Многие разговоры и встречи доказывали мне вздорность моих грёз, но напрасно. Тщётно мадам Вендель, с её глухою ненавистью к великой герцогине, вздыхая, рассказывала мне об этом бедном дорогом великом герцоге Рудольфе, который был так несчастен. Я решительно отвергал всё то, что нарушало равновесие конструкций, созданных моим воображением. Считайте меня сумасшедшим, но, во всяком случае, — раз я уже создал себе этот пункт помешательства, — вы поймёте, в каком лихорадочном состоянии я находился, когда, поставив на место том «Mittheilungen»и положив в портфель драгоценный документ, я поднимался к себе в комнату.
Сезам, отворись! Я имел теперь в своих руках таинственный ключ, который должен открыть мне доступ к великой герцогине и сломить её нерасположение ко мне. При взгляде на эти строки, начертанные рукой её возлюбленного супруга, она поймёт, что тот, кто открыл эту драгоценную реликвию и сложил к её ногам, не заслуживает безразличия, с которым она до сих пор к нему относилась. Быть может, она даже попросит у меня прощения?.. А тогда, о, я сумею сказать ей нечто решительное, что остановит слова извинений, готовые сорваться с её прекрасных уст, и ей ничего не останется, как только ещё более недоумевать, как это она до сих пор могла так ко мне относиться.
Дважды я принимался писать ей и дважды бросал в камин уже начатое письмо, которое хотел отправить ей вместе с документом. Первое казалось мне недостаточно почтительным, во втором слишком подчёркивалась важность моей находки. Наконец, я остановился на редакции, которая показалась мне самой простой:
Ваше высочество!
Случайно я открыл документ, который не может Вас не растрогать. Беру на себя смелость препроводить его Вам при сём. Примите его как знак благоговейной преданности вам вашего покорнейшего слуги.
Я имел намерение вручить письмо и документ, вместе с краткой объяснительной запиской, Мелузине фон Граффенфрид, которая всегда относилась ко мне с особенно лестной любезностью. Но, к сожалению, Мелузина уехала в город, и мне ничего не оставалось, как передать пакет русской горничной, какой-то полуидиотке. Она недоверчиво на меня посмотрела, взяла письмо и исчезла, пробормотав несколько непонятных слов.
Я тотчас же ушёл к себе. Моей экзальтации как не бывало. Я стал чуть ли не бранить себя за свой поступок. К чему это? Зачем я суюсь в чужие дела? Я, кажется, даже желал от души, чтобы старуха оказалась ещё более тупоумной и затеряла моё письмо.
В коридоре послышались шаги. Раздался стук в дверь. Вошёл Людвиг.

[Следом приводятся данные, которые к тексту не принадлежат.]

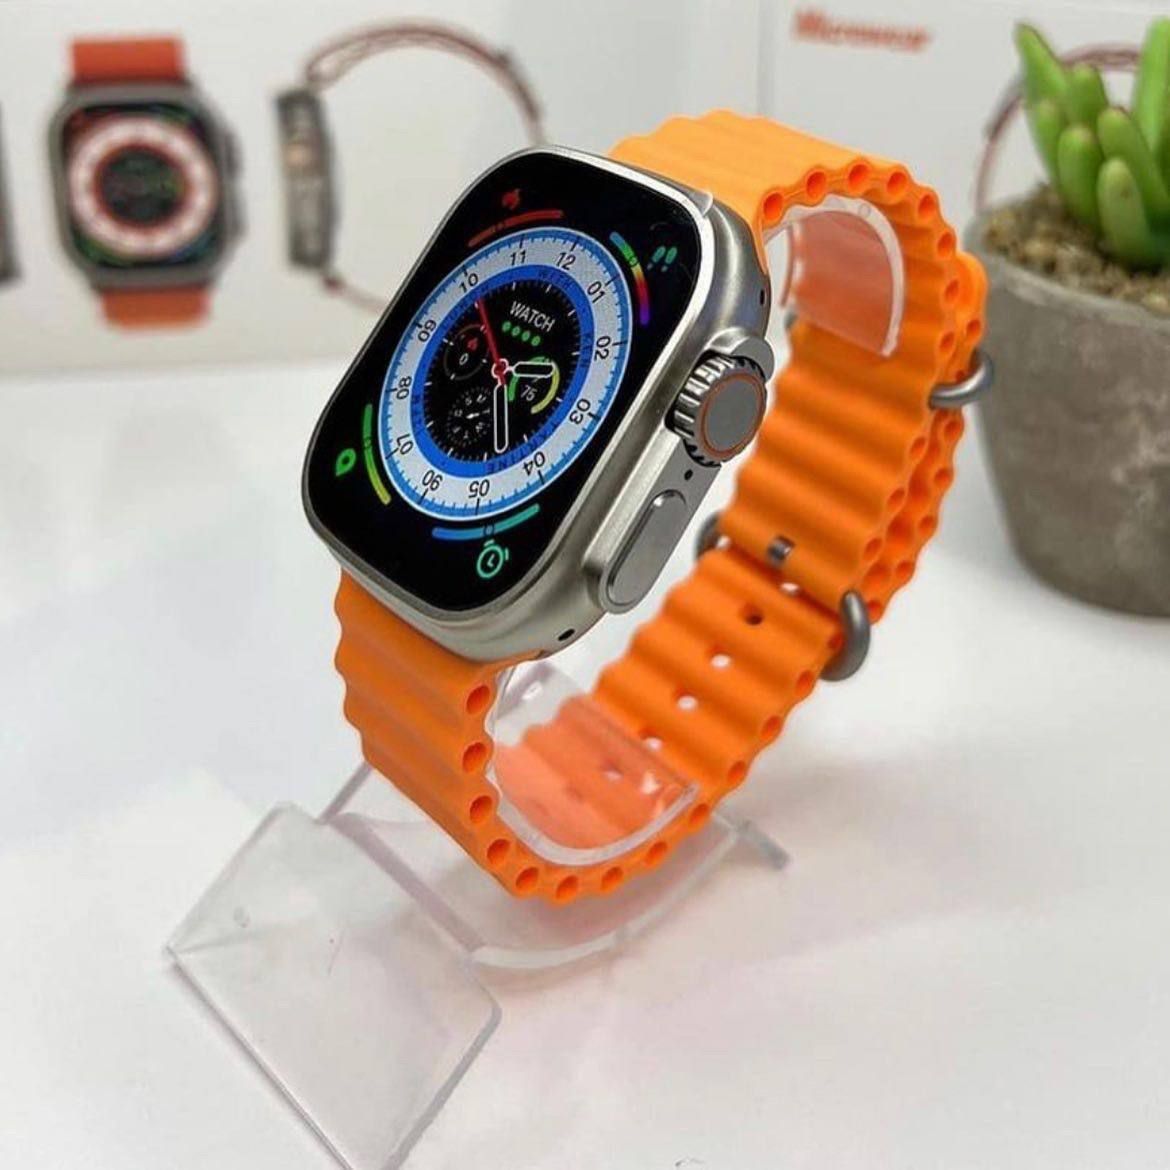 Smartwatch T800 novo

— Прошу извинения у господина профессора. Господина профессора спрашивают.
Он посторонился и пропустил лакея. Я думал, что провалюсь сквозь землю, когда я увидел на нём синюю с золотом ливрею великой герцогини.
— Не угодно ли господину профессору пожаловать за мной?
Ошеломлённый столь быстрым результатом моего поступка, я последовал за лакеем, забыв даже взять шляпу.
Мы вкось пересекли парк. Куда он меня ведёт? Вошли в английский сад и спустились вниз; мы шли вдоль Мельны; окаймлённая ивами речка казалась розовой при заходящем солнце.
Из группы каштанов раздался выстрел, и в ветвях что-то зашуршало, как от падения птицы.
— Прошу господина профессора войти.
Я очутился в какой-то беседке, сплошь из зелени; я увидел пред собой великую герцогиню с ещё дымящимся ружьём в руке.
— Извините, сударь, я забавлялась охотой на дроздов, — просто сказала она.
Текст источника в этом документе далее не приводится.